Thankfully, I can heartily say that the second volume of Shana, which takes in episodes five through to eight of the series, are a definite improvement, and indeed do a better job of showcasing what the series as a whole is all about now that the initial leg work of scene-setting and character building is complete. After the last volume left us with Shana defeated at the hands of a 'rival' Flame Haze, so this volume is more broadly about her redemption from that loss, which far from coincidentally also matches the thawing of her relationship with Yuji. All of this occurs against a rather complex background, comprising a plot to devour the entire city in return for eternal life, a Denizen known as the Corpse Collector who is... well, collecting corpses in a sense, and of course that second Flame Haze, Margery Daw.

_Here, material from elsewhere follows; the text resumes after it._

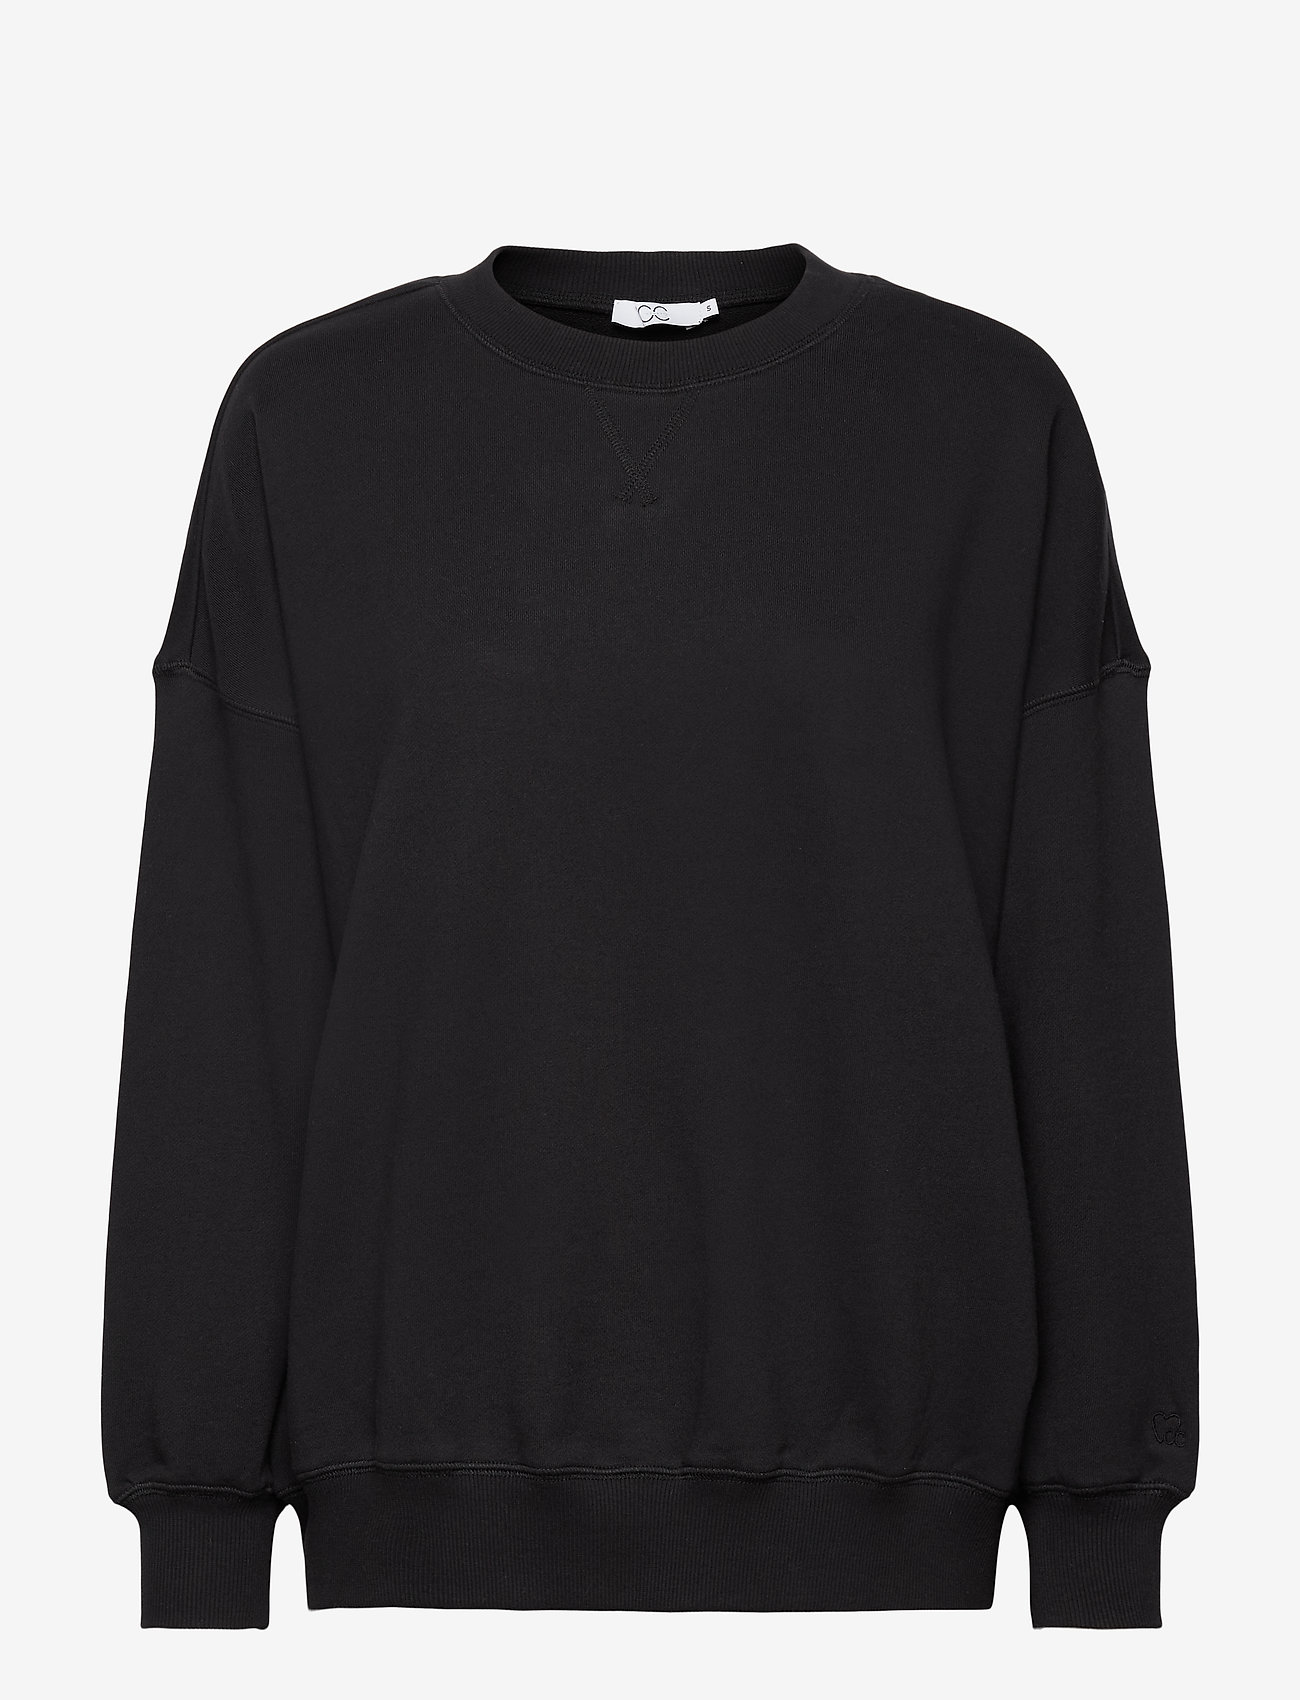 Coster Copenhagen - CC Heart oversize sweatshirt - hettegensere - black - 0

I imagine it goes without saying that this rather busy backdrop makes for plenty of action sequences and while these aren't particularly gripping they still manage to hold your attention, while the show clearly delights in the scale of the destruction that these battles cause. Despite all this fighting which takes up plenty of screen time, the star of the show is still Shana and Yuji's relationship, which hits rock bottom before they finally begin to understand one another a little better. Shana's rather impatient, short-tempered character is already pretty iconic in anime fan circles, and even though you might expect it to grate after a while it's actually strangely endearing while offering a perfect foil for Yuji's far more quiet and conscientious manner.
While the opening episodes of the series sometimes seemed to almost get bogged down in posing philosophical questions about the importance of living your life and being yourself, much of this vanishes in this batch of episodes, to an almost ridiculous degree at times. All of a sudden, the Yuji who agonised over seeing another Torch vanish before his eyes previously now thinks nothing of saving and all but befriending Lamies, that aforementioned Corpse Collector who goes around collecting the energy of almost extinguished torches - Perhaps I'm just thinking about it too much, but it rankled with me in its relative hypocrisy.
Of course, Shana isn't really here to play philosopher at the end of the day, so putting that gripe to one side you're left with what is a reasonably entertaining series with some equally entertaining characters... Well, character, as Shana herself is the only one really worthy of mention, with many of the other main players feeling either a little generic or just plain dull.
So, if you're looking for ground-breaking or thought-provoking (or a DVD packed with extras for that matter), then you won't find either of those words used in conjunction with Shana here. However, on the plus side, nobody can say that a cute girl with attitude and a sword that can burst into flames isn't worth spending at least some time watching.